Fighting eCommerce fraud may seem like an uphill battle but fortunately, there are many different technologies and services help eCommerce businesses to reduce fraud risk.

Implement 3D Secure

3D Secure is one of the most efficient solutions to tackle eCommerce fraud. It requires card users to go through additional verification during the transaction process so fraudsters can’t misuse stolen cards or card information. Moreover, when the 3D secure is enabled, the system transfers chargeback liability from merchant to the card issuer. So, it provides a great relief for eCommerce businesses.

Use Fraud Prevention Tools

There are many fraud detection and prevention tools for eCommerce websites. They provide multiple layers of protection to each transaction. Here is a list of some of the most popular eCommerce fraud detection and prevention tools.

  • Subnumo (works with WooCommerce, Magento, PrestaShop, Shopify& ZenCart)
  • Riskified (supports Magento, Shopify)
  • Fraudlabs Pro (Available for Magento, OpenCart, osCommerce, PrestaShop, Shopify, VirtueMart, WooCommerce, and ZenCart)
  • Dupzapper (Compatible with all ecommerce platforms)
  • Kount (designed for Magento)

Maintain PCI Compliance

PCI compliance is mandatory for all payment processing services, but they only provide the basic protection. So, you should also ensure that you follow the recommendations of PCI.

Require CVV and AVS

CVV (Card Verification Value) and AVS (Address Verification Service) helps to some extent, to verify that the actual cardholder is making the purchase. So, ensure that your payment processor supports these features and enables them.

Check for Unusual Card Declines

Fraudsters often have details of a large collection of cards and they try each card one by one. Most of these cards will be already blocked, expired or maxed out. So, they will be declined by the payment processor.

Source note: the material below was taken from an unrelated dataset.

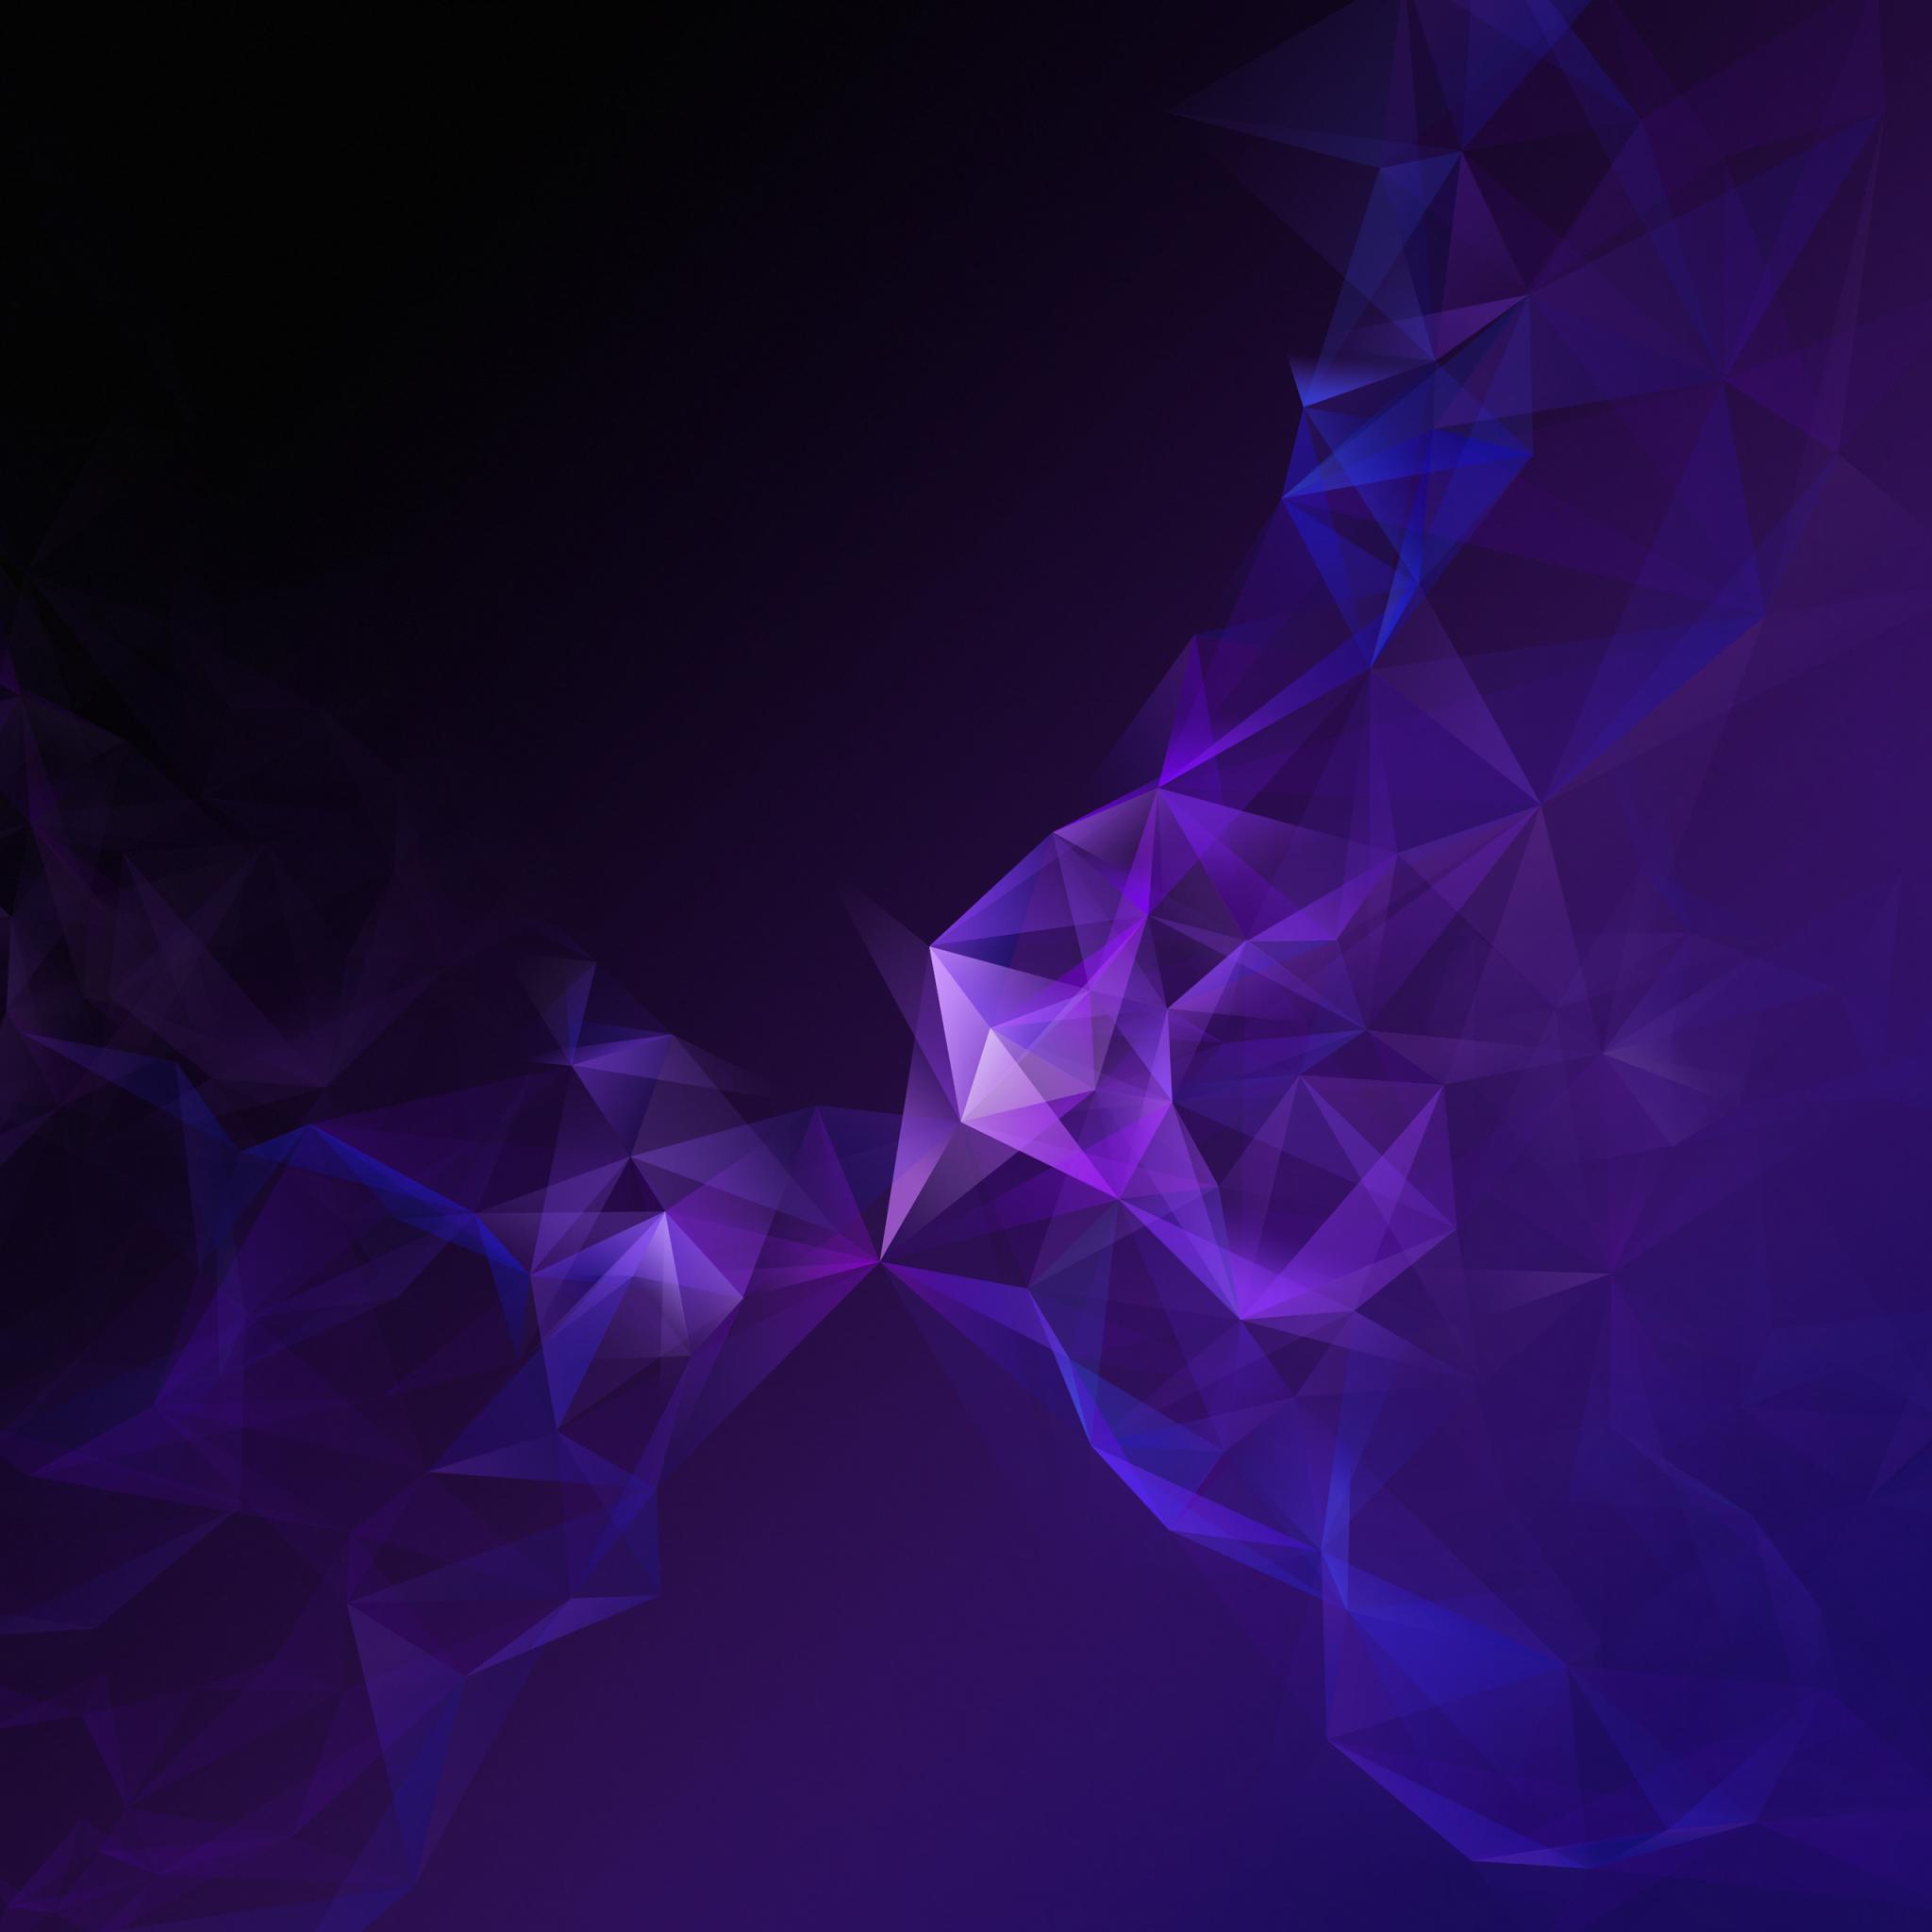 Must see Wallpaper Home Screen Xperia - Galaxy-s9-wallpaper-18-techfoogle  HD_449824.png?w\u003d300

So, if there is any account that used multiple cards and most of them declined, the user is more likely a fraudster. So, it is a good idea to blacklist such accounts.

Implement SSL Certificate

SSL certificate serves as one of the most basic security measures. When SSL is implemented, the data is transferred through HTTPS protocol which gives an extra layer of security.

Use Velocity Checks

If you notice unusually large transactions, it’s more likely that a fraud trying to make purchase with stolen card. Velocity checks helps to look for these unusual transactions and block them. These transactions can then undergo manual review and approve after contacting the cardholder.

Conclusion

Fraudsters come up with new strategies quickly. So, you should always ensure that you follow the latest prevention practices. You should also consider subscribing for premium eCommerce fraud prevention tools to detect and prevent fraud attempts.